‘Welcome to Hell’ says Hadi Fallahpisheh as you walk into his show. It’s written in gold-lined letters on frilled banners, a joyful introduction to an awful place.
Fallahpisheh doesn’t deal with the nice and fluffy side of life. Well, it’s here, in the shape of stuffed cuddly toys and brightly painted ceramics, but it’s all nightmarishly twisted and falling apart. Symbols of youth and nostalgia are everywhere. There are cosy quilts, a Joy Division duvet cover, cartoon cats painted on photographic paper and all those cuddly toys. But it’s childhood gone very badly wrong. Two mannequins of kids are shamefully facing the wall, a teddy bear has its head shoved into a pot with its legs spread, a painting shows a dog with an erection dreaming of a cat shagging a mouse.
There are fences all over the gallery, keeping you from getting close to the art, and three teddies are locked in a huge pink cage. As Fallahpisheh says in another banner work, this is a ‘prison of mind’, a jail made of childhood memories, torture at the hands of your sickly nostalgia and rose-tinted dreams of youth.

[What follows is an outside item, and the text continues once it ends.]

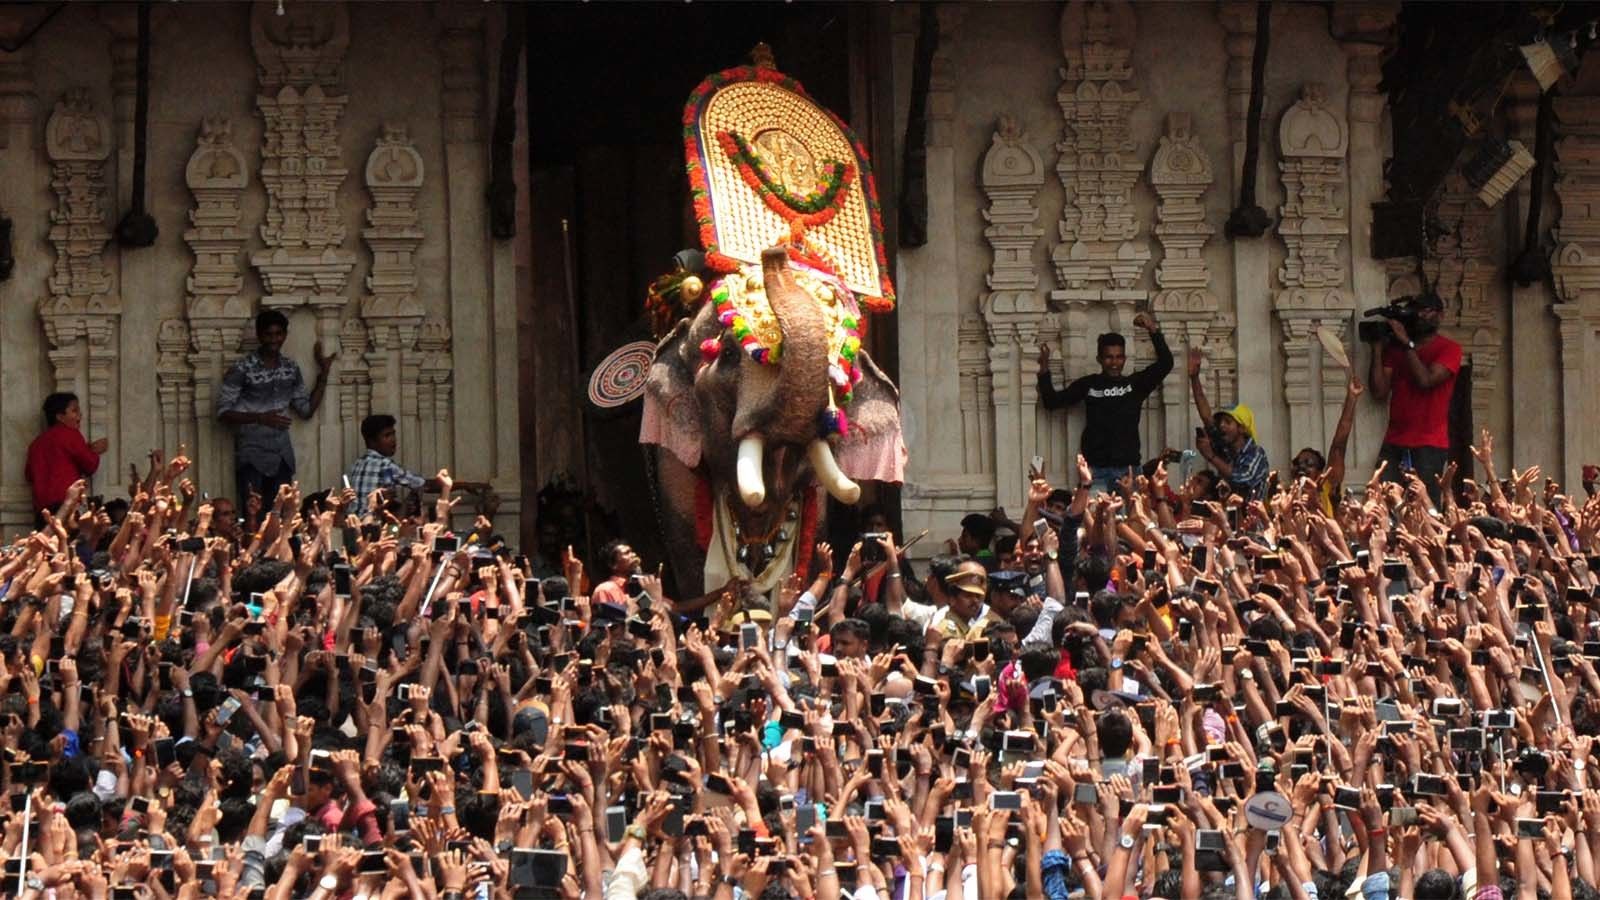 Kerala's star elephants are a 'jumbo' hit on the internet of India
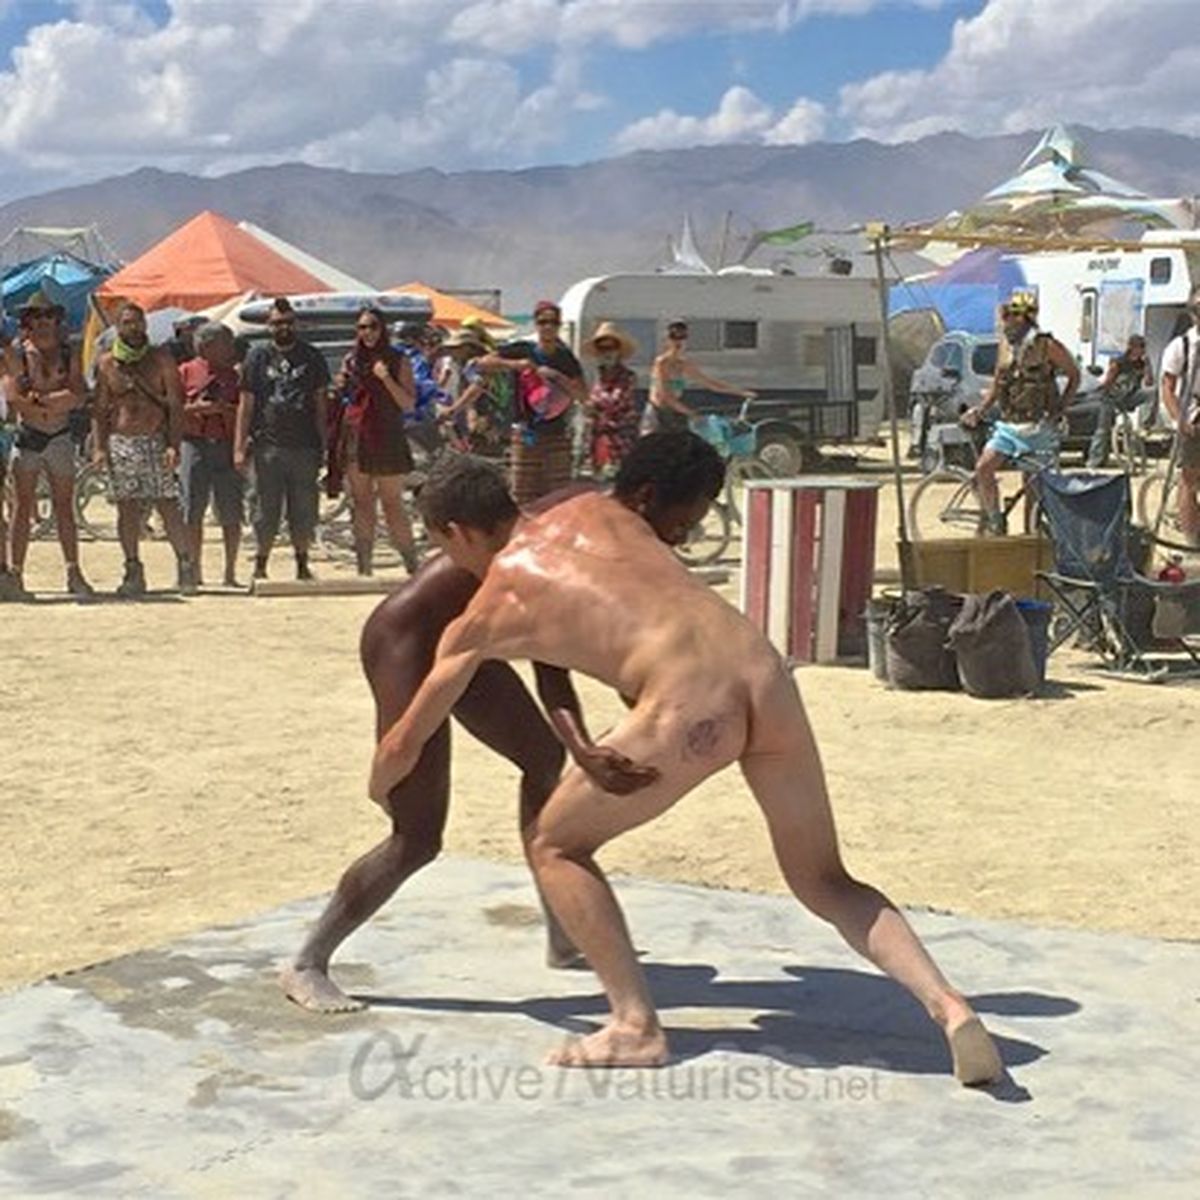 https://www.nudismlife.com/galleries/public_nudity/burning_man/active_naturists/active_naturists_013.jpg

It feels like the photo paper paintings are the main focus here, and they’re tricky and interesting enough in their own right, but everything else here – the ceramics, the duvet covers, the prison bears, the teddies – just sort of distract you from them. Other artists have dabbled with the sinister teddy bear aesthetic – Paul McCarthy, Charlemagne Palestine – but none in quite as creepy or heavy-handedly cheesy a way. It’s hard to know if that’s a good thing or just a gross and very silly thing, but it sure makes for uncomfortable viewing.